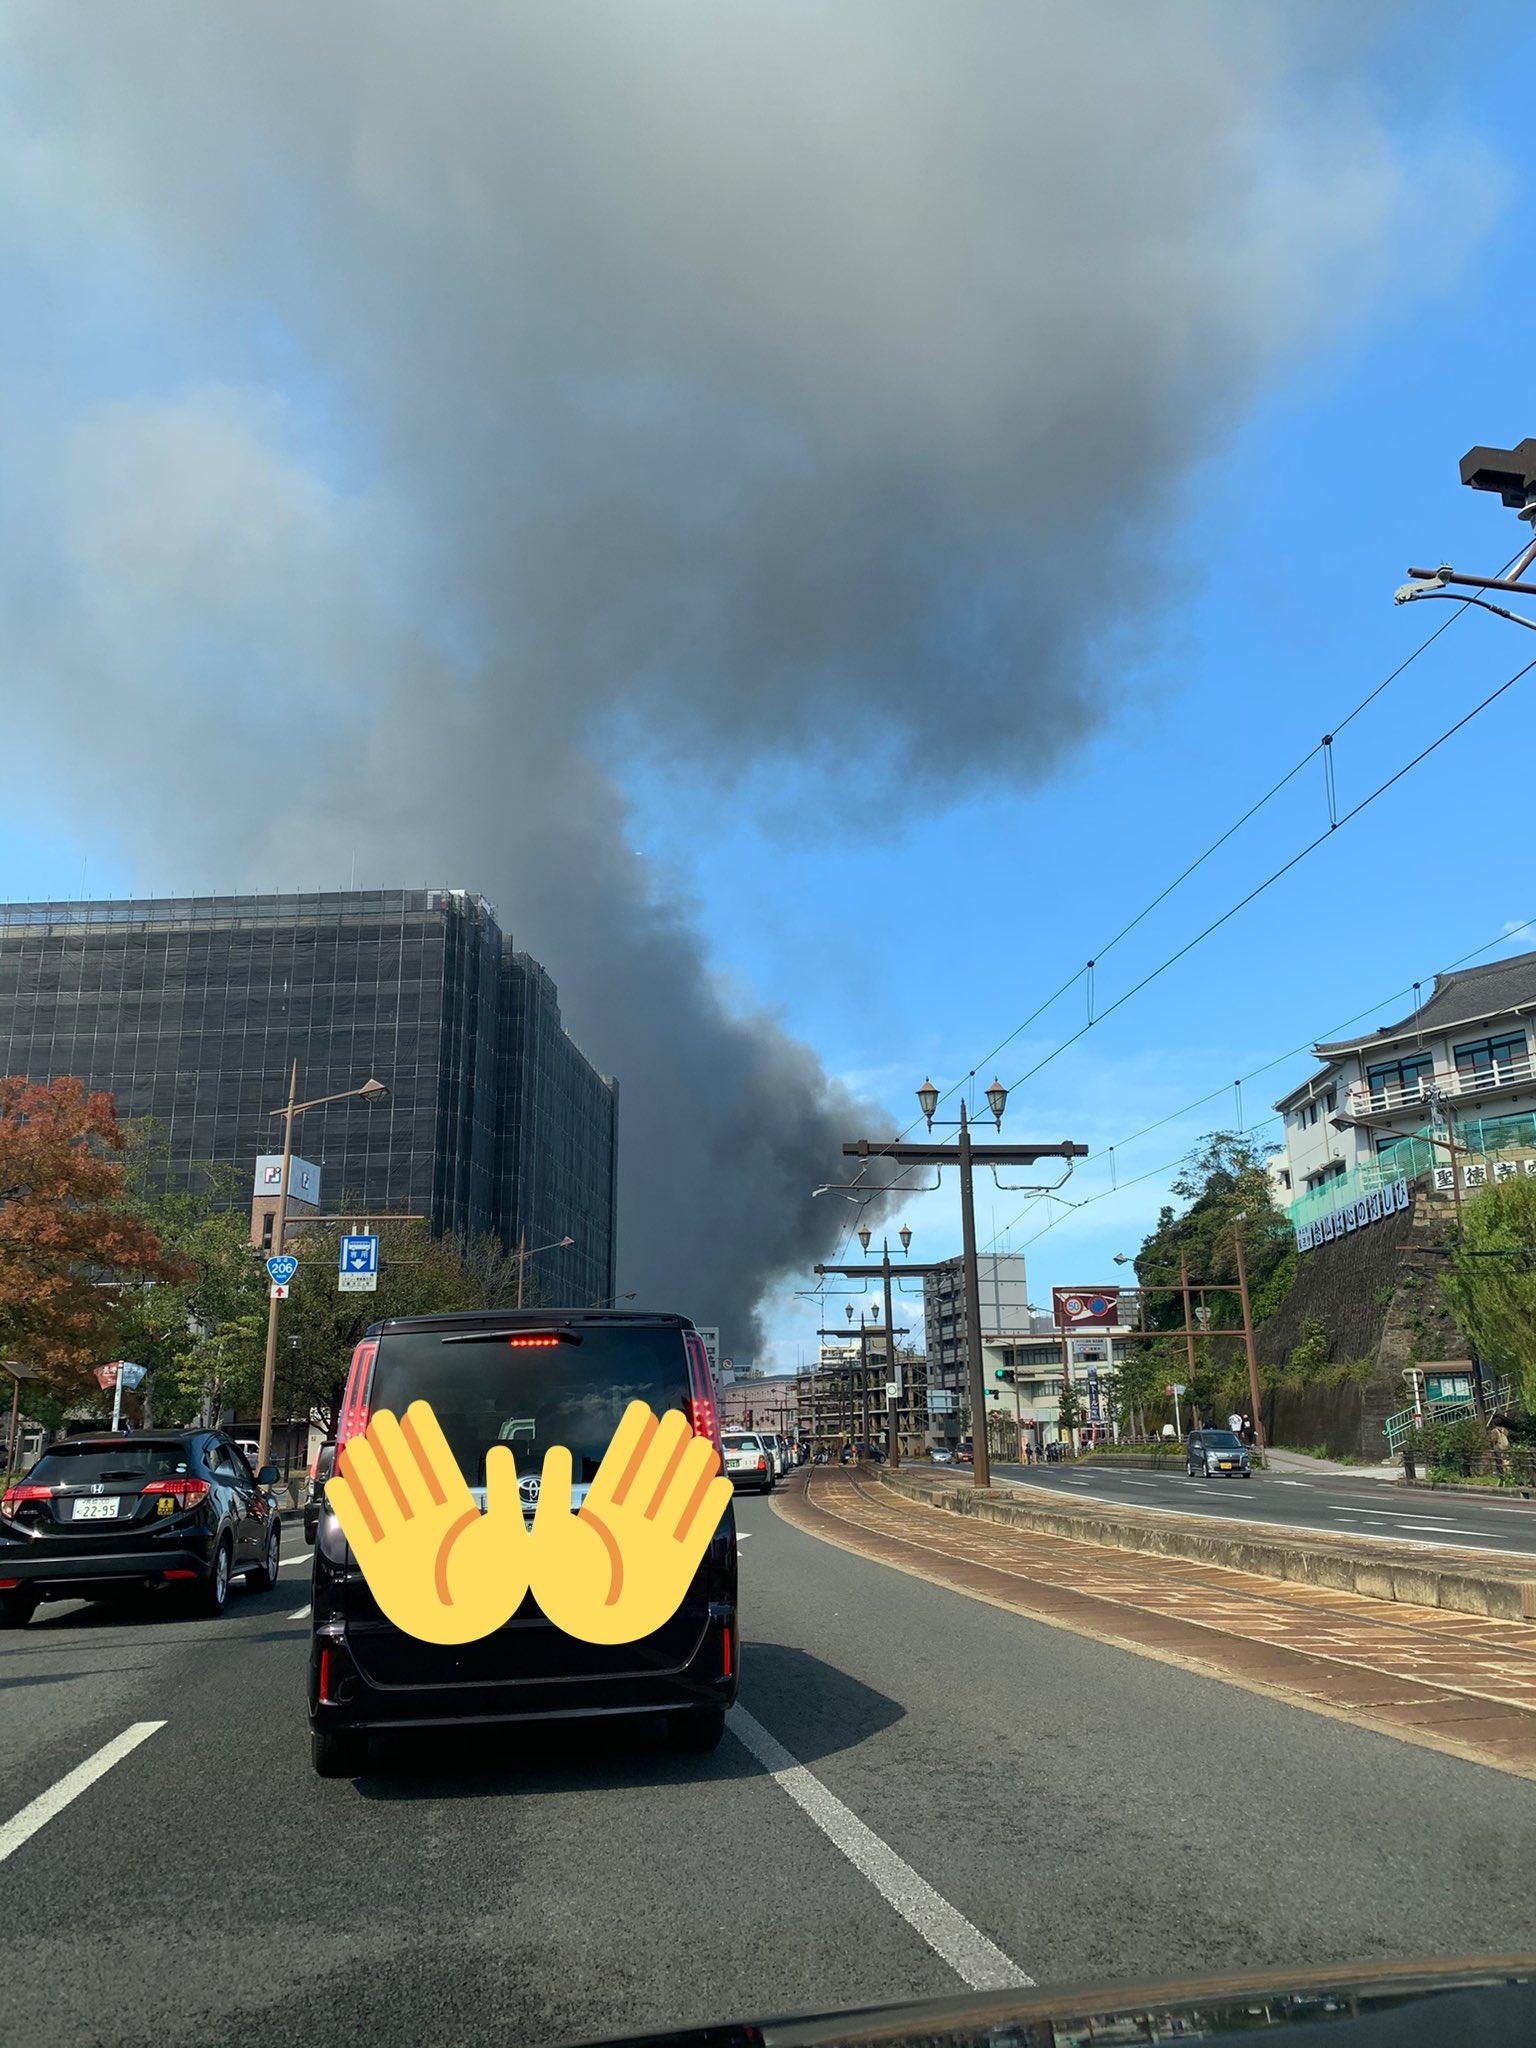 画像,浦上駅付近で火事みたいです😱 https://t.co/xoqub2dEs4。
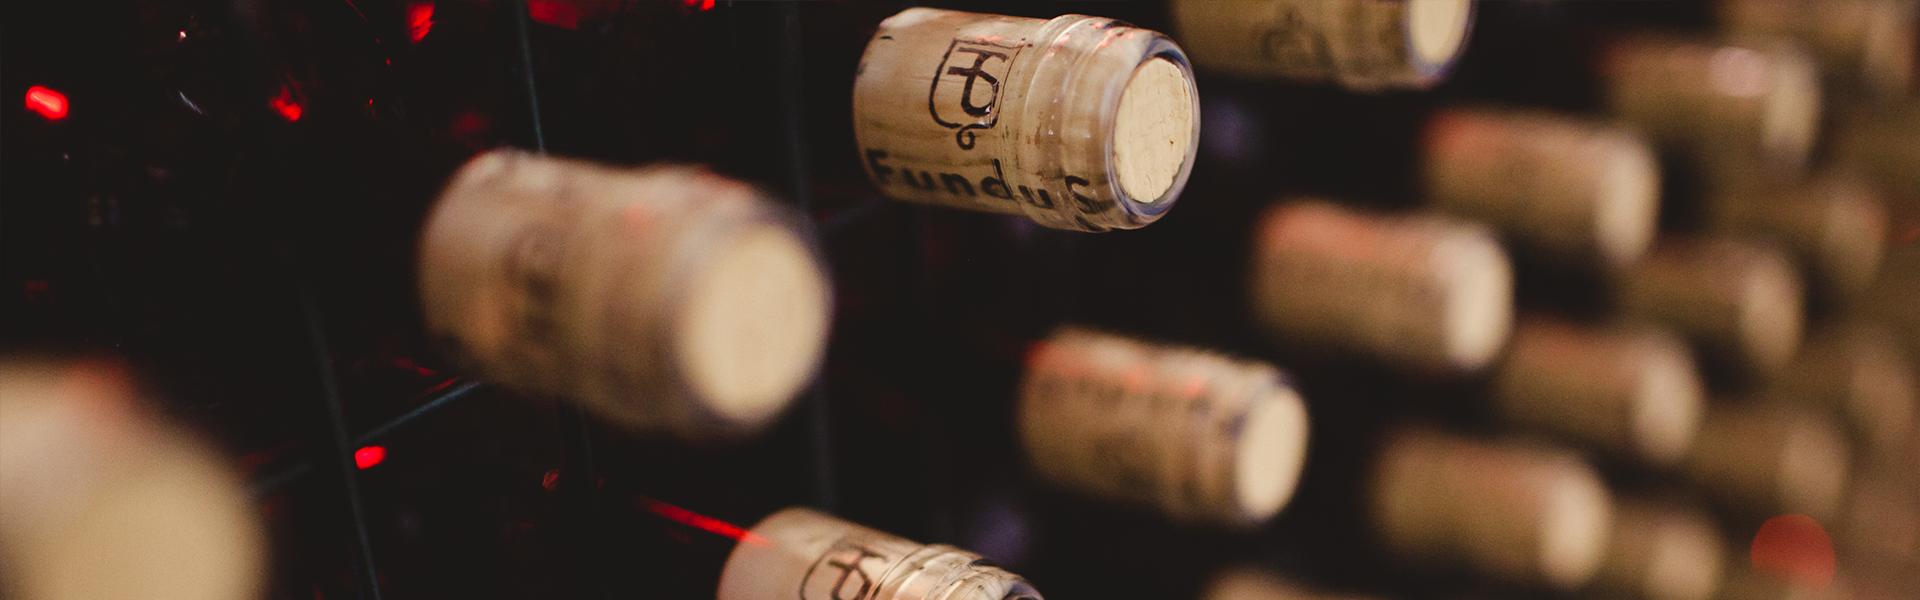 vinos 4
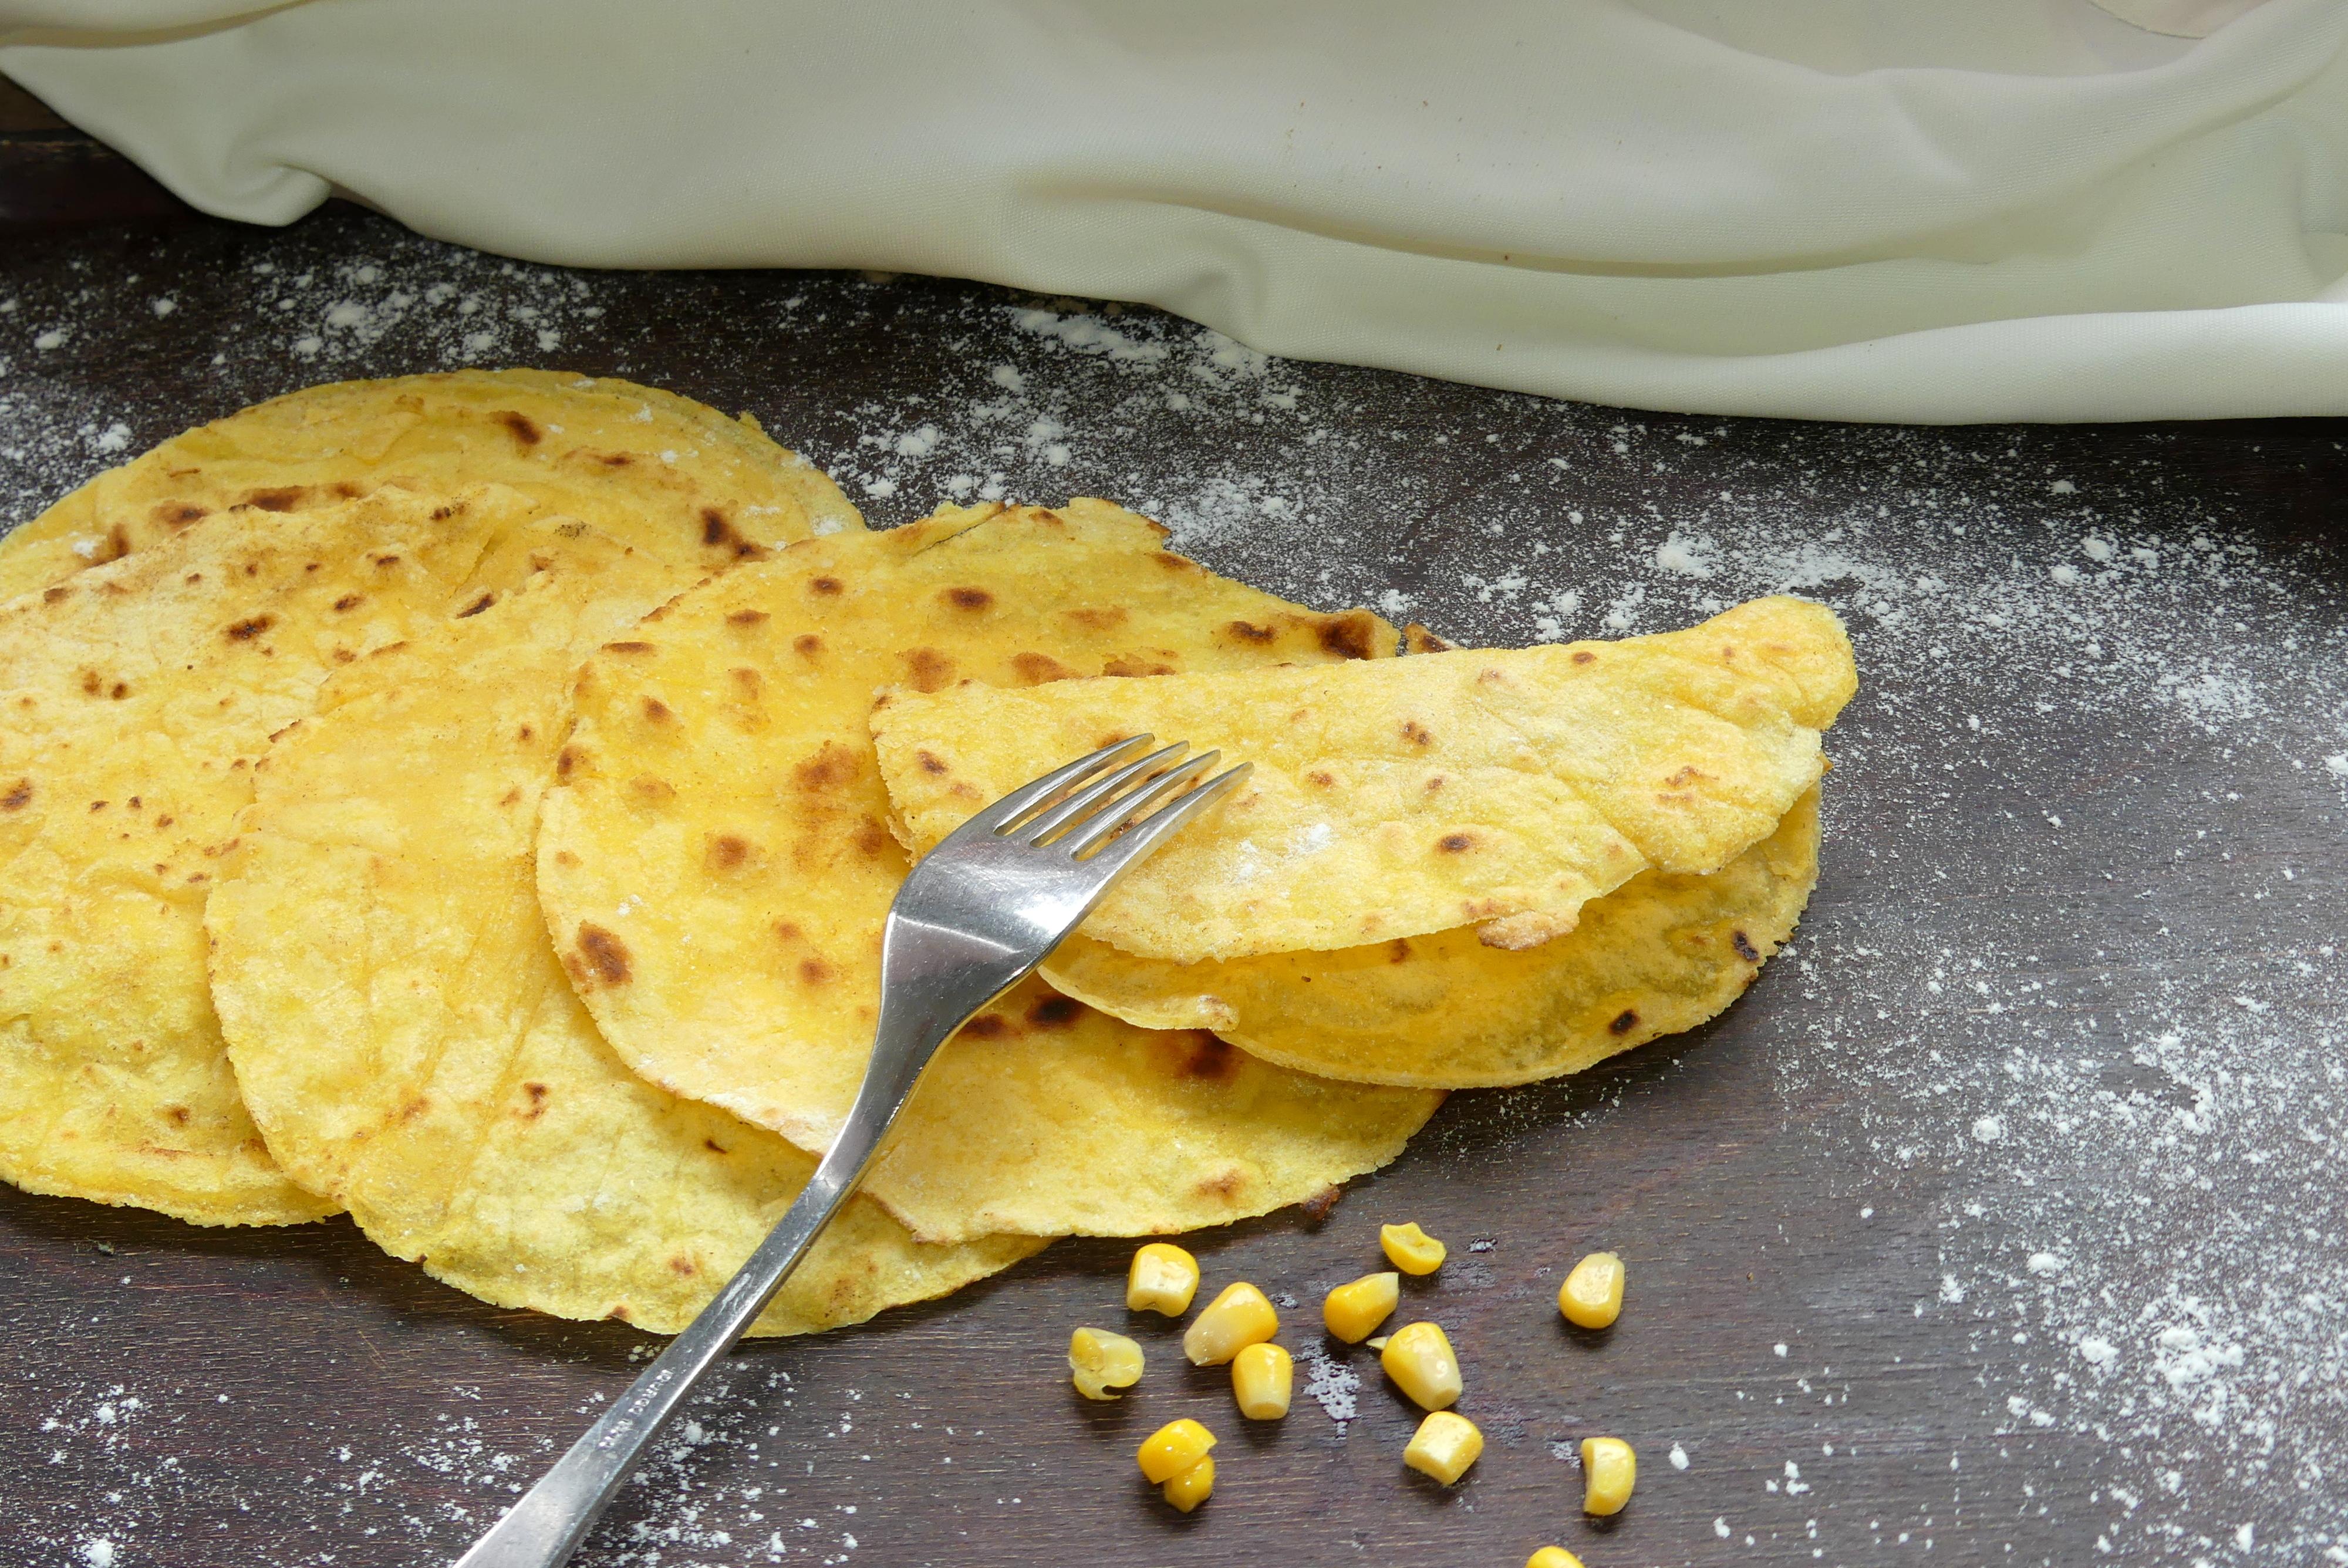 Tortillas De Maíz Para Tacos Mexicanos Gastronomía Vasca Escuela De Hostelería Leioa

[WORK REQUEST]: For this exercise, retype the data above exactly and skip every image.

[EXERCISE RESULT]:
 画像,浦上駅付近で火事みたいです😱 https://t.co/xoqub2dEs4。
 vinos 4
 Tortillas De Maíz Para Tacos Mexicanos Gastronomía Vasca Escuela De Hostelería Leioa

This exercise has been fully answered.